While the bridge is closing with a constant rotation of .5 rad/s, a man runs along the roadway such that when d=10ft, he is running outward from the center at 5 ft/s with an acceleration of 2 ft/s^2, both measured relative to the roadway. Determine his velocity and acceleration at this instant.

Homework Equations

V(a) = V(o) + Omega X r(a/o) + v(a/o)
A(a) = A(o) + Omega' X r(a/o) + Omega X (Omega X r(a/o)) + 2Omega X V(a/o) + A(a/o)

The Attempt at a Solution

V(o) = 0, Omega = .5k, Omega' = 0, r(a/o) = 10j, V(a/o) = -5j, A(a/o) = -2j

Lets do velocity first

Omega X r(a/o) = -5i

V(a) = 0 + -5i + -5j = -5i - 5j ft/s


Now Acceleration

Omega' X r(a/o) = 0
Omega X (Omega X r(a/o)) = 2.5j
2Omega X v(a/o) = 5j

A(a) = 0 + 0 + 2.5j + 5j + -2j = 5.5j ft/s^2


Shouldn't the velocity and acceleration be in the same direction.

 

[Chi Meson]

Shouldn't the velocity and acceleration be in the same direction.

No, they rarely are in the same direction.
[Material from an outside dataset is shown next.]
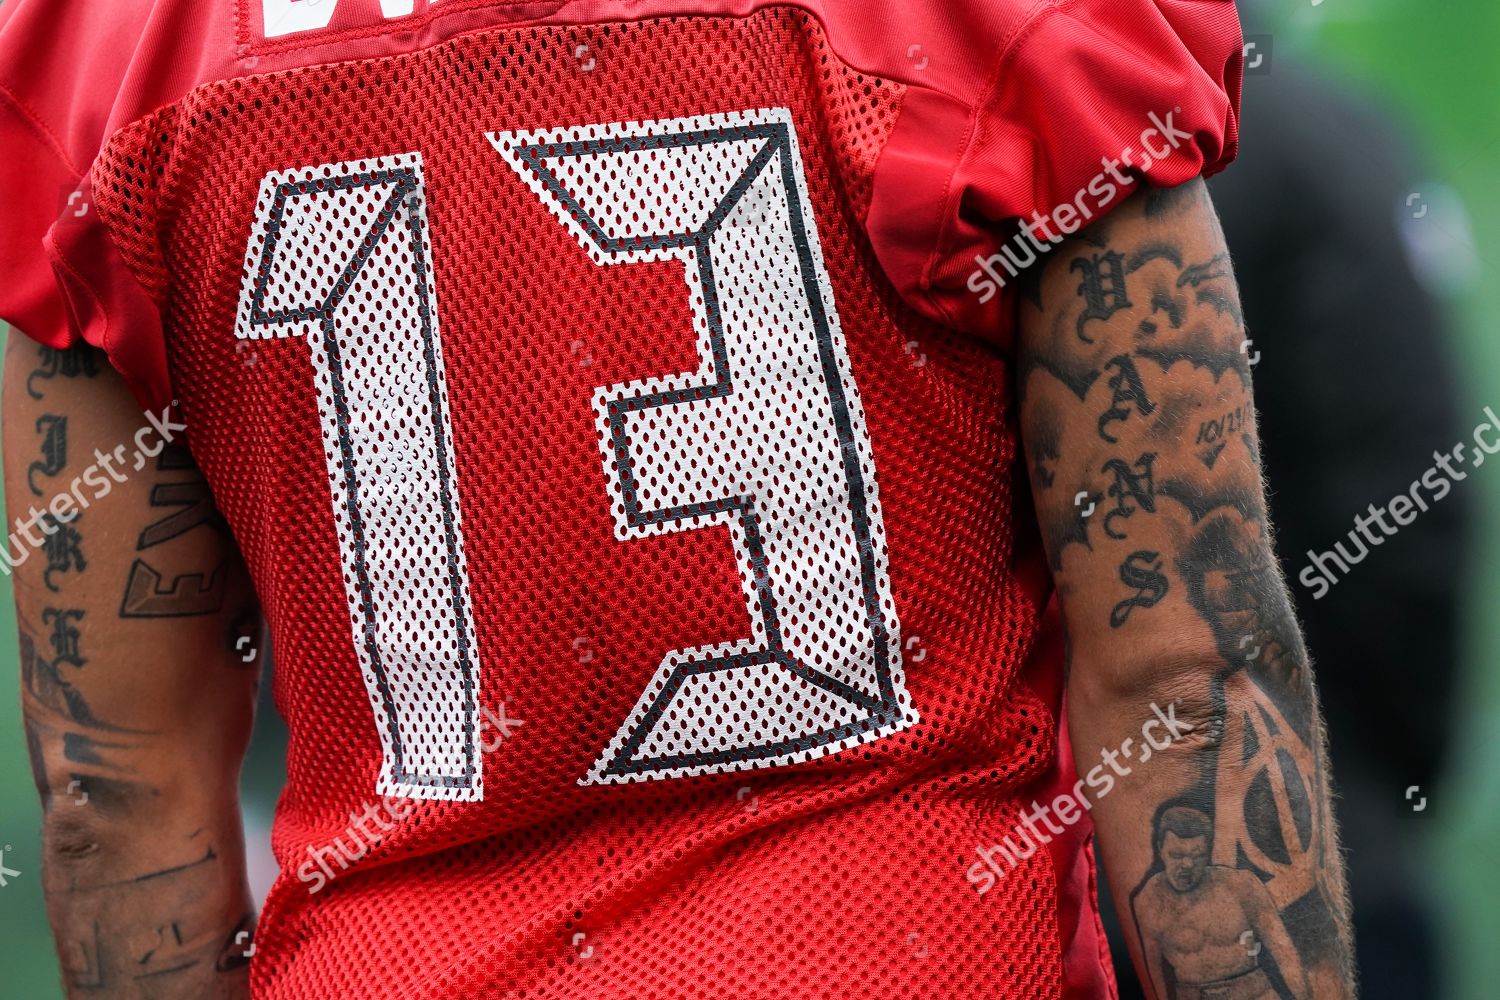 Mike Evans thanks God after record day helps Bucs clinch division

Think about circular motion: what's the direction of the tangential velocity, and what is the direction of centripetal acceleration? (the names give away the answer)

 

[nlightner]

Yes, the velocity and acceleration should be in the same direction. However, in this case, the acceleration is not solely due to the rotation of the bridge, but also the man's own acceleration relative to the roadway. Therefore, the direction of the acceleration will be slightly different from the direction of the velocity. Your calculations are correct, and the small difference in direction is due to the man's acceleration.